If it’s available for sale without a required data plan, then at $834 actually quite a bit cheaper than the iPhone. Also more exclusive — a few hundred vs. 30 million — even if it’s not nearly as useful.

Thursday, March 29, 2007

Diversified embarrassment risk

After rah-rah enthusiasm during the 1960s and early 1970s, the strategy of unrelated diversification has fallen out of favor with strategists and financial markets. GE nothwithstanding, it’s been shown that firms waste a lot of managerial time trying to manage disparate businesses that have no synergies, and that stockholders can better diversify risk by buying their own shares in the underlying businesses. Such unrelated diversification still remains a pattern in countries where the aggregate market power overrules the underlying inefficiences, such as Korea’s chaebol and (until recently) Japan’s kigyō shūdan.

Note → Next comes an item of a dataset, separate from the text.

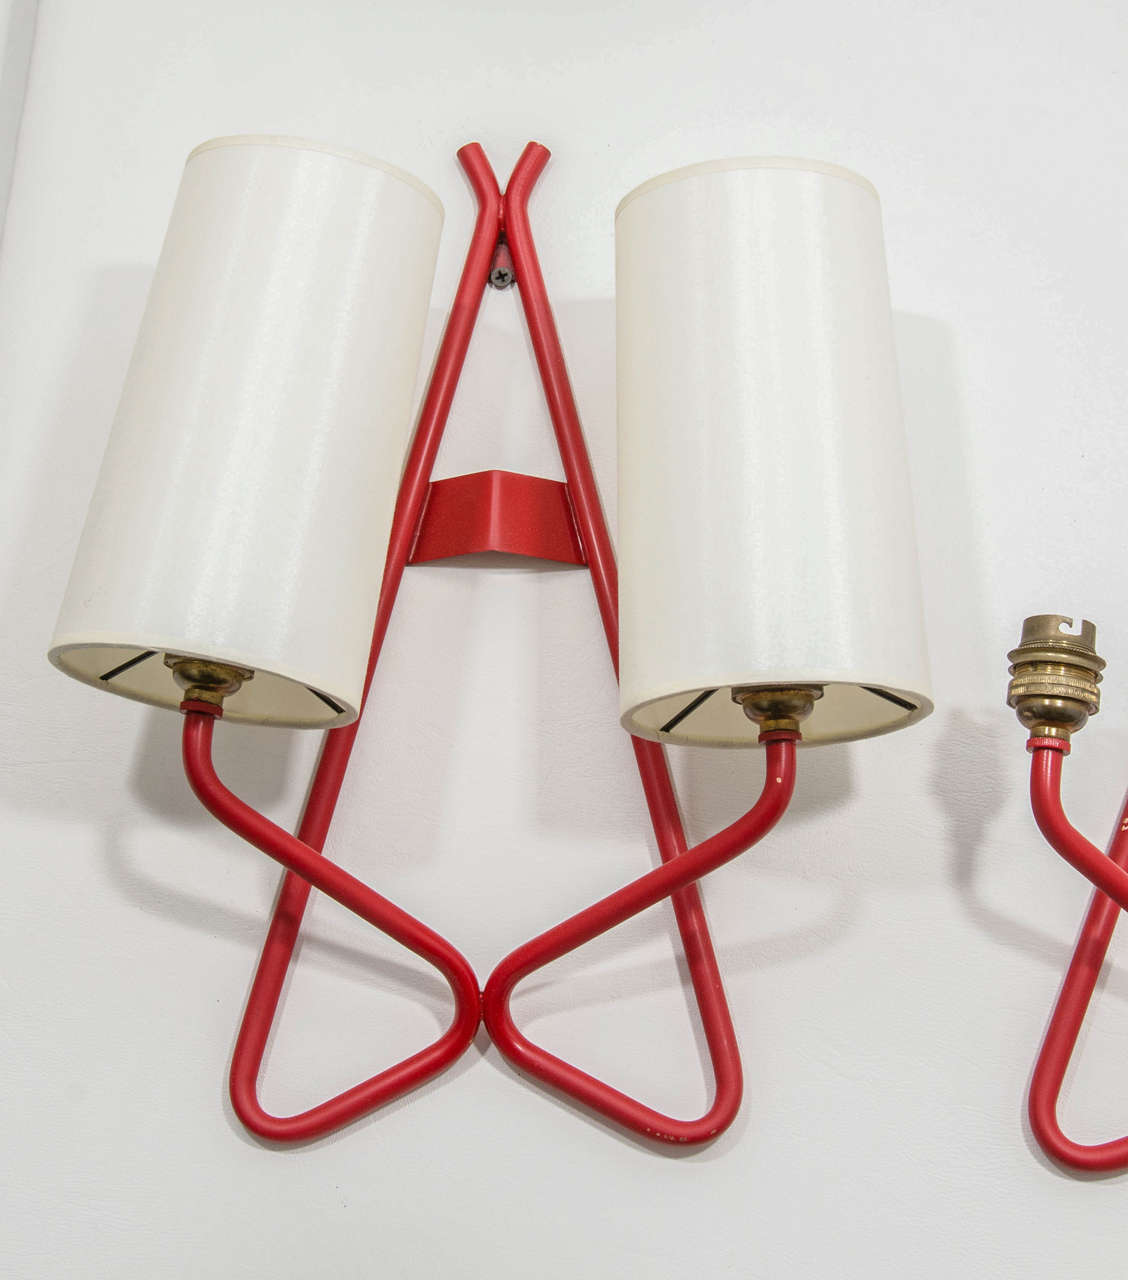 Pair of vermilion iron sconces in the manner of Jean Royere,. Bayonet sockets with silk shades

[WSJ table]Today, the Wall Street Journal published a list of companies doing business with Iran to help finance its oil and gas development. American frustration with Iran is building since it seized 15 British sailors and Marines on March 23, and some in the Senate are proposing a boycott of firms that do any business with Iran.

Most of the companies on the WSJ list are energy companies, but one jumped out — Korean conglomerate LG. The LG Group doesn’t have much (any?) petrochemicals presence in the US, but instead it sells a lot of LCD screens via its joint venture with Philips. More visibily, its LG Electronics subsidiary is the world’s fifth largest maker of cell phones (at about 6% in 2006) and the largest maker of CDMA handsets.

LG has a potential exposure here, but it’s not clear how big. Right now, the US pressure on firms doing business with Iran is fairly weak: it’s not clear whether the ultimate pressure will begin to resemble the (successful) anti-apartheid divestment efforts of the 1980s, or whether it will just fizzle out.

In some cases, the risk of scandal in a diversified company is severe. The broad portfolio of clients (not technically diversification) held by Arthur Andersen & Co. proved to be its undoing, as the choice of one particular Houston-based company proved fatal. However, as a “Big Five” accounting firm, Andersen was in the business of renting its previously stellar reputation to validate the financial statements of public firms, so once it lost its reputation it had nothing. Obviously thousands of former Andersen employees wish that the Houston office had not taken that client (or had done a better job of protecting Andersen's storied 90-year-old reputation). And the damage to the Andersen brand accelerated the decision of its Andersen Consulting spinoff to rebrand itself as Accenture.

LG won’t face such a consequence, if for no other reason than the Korean government won’t allow it to happen. If the pressure increases, the RoK government will probably try to protect LG rather than a more pro-active strategy such as separating the electronics and petroleum companies into separately traded firms.

Also this week, the diversified company ITT was fined this week for transferring military technology to China. Given that Loral survived (despite bankruptcy) after transferring ballistic missile technology to China, ITT is likely to skate after paying its $100 million fine for the night-vision goggle technology.